La sortie du film Les figures de l’ombre a mis sur le devant de la scène le rôle de femmes, noires qui plus est, dans le développement des programmes spatiaux de la NASA. Ces personnes subissaient alors un double handicap : noires, elles ne pouvaient pas accéder aux postes de responsabilité réservés aux blancs dans une Amérique ségréguée ; femmes, elles étaient considérées comme moins intelligentes, moins douées en science que les hommes.

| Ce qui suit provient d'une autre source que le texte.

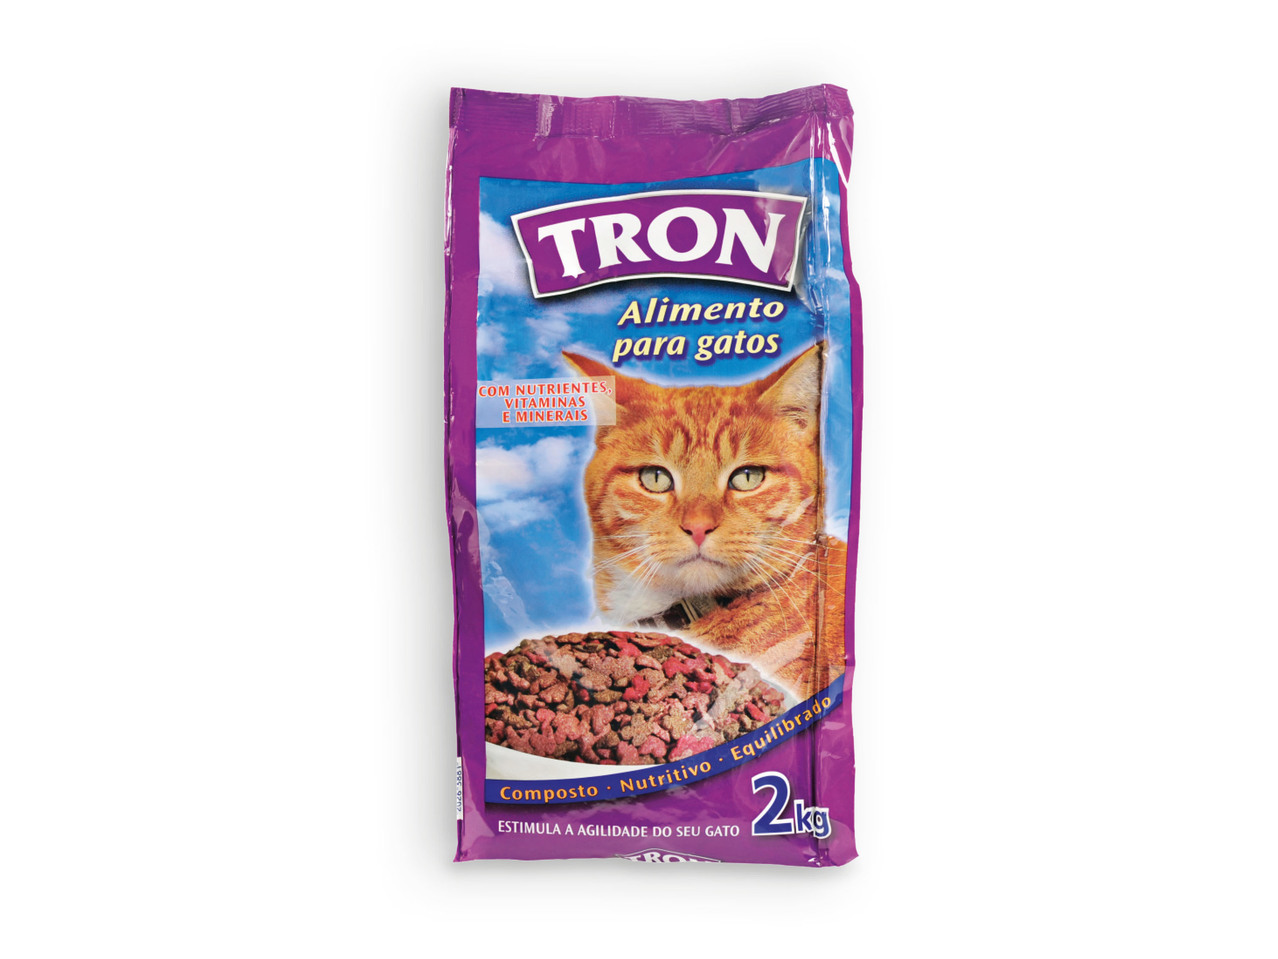 TRON(R) Alimento para Gato

(...) Le Moyen Âge ne pensait pas l’aptitude aux sciences en termes de race : les savants arabes ont été abondamment utilisés par les universitaires, que ce soit pour comprendre Aristote, pour la médecine… Les femmes en revanche ont une place bien plus discrète dans le développement de la science. Les universités sont pendant longtemps réservées aux clercs, donc par définition fermées aux femmes. (...)
Entrer en religion : un facteur d’ascension pour les femmes ?
Pourtant, on trouve quelques cas de femmes qui ont poussé leurs études si loin qu’elles deviennent des références dans ces matières réservées aux hommes. Pour cela, elles doivent prendre le voile. Les dirigeants des ordres religieux au milieu du Moyen Âge sont souvent les rejetons de grands aristocrates, et c’est également vrai pour les femmes : (...)
L’exemple le plus célèbre est sans doute Hildegarde de Bingen. Il s’agit d’une religieuse allemande du XIIe siècle. On la connaît surtout pour la musique qu’elle a composée, notamment soixante-dix-sept symphonies. Or la musique au Moyen Âge est une science, un des « arts libéraux » qui constituent le cursus universitaire de base, et est proche des mathématiques. Elle s’occupe également de médecine et d’astrologie, des sciences étudiées à l’université, mais dont elle a pu faire l’apprentissage dans son couvent auprès d’autres femmes lettrées. Son statut de religieuse lui permet d’en remontrer aux puissants de ce monde, et en fait la conseillère des papes, des rois, et de l’empereur Frédéric II Barberousse.
Le savoir par le scandale
Hildegarde n’est qu’un exemple parmi d’autres, mais qui témoigne aussi de l’éducation des femmes d’une élite restreinte. (...)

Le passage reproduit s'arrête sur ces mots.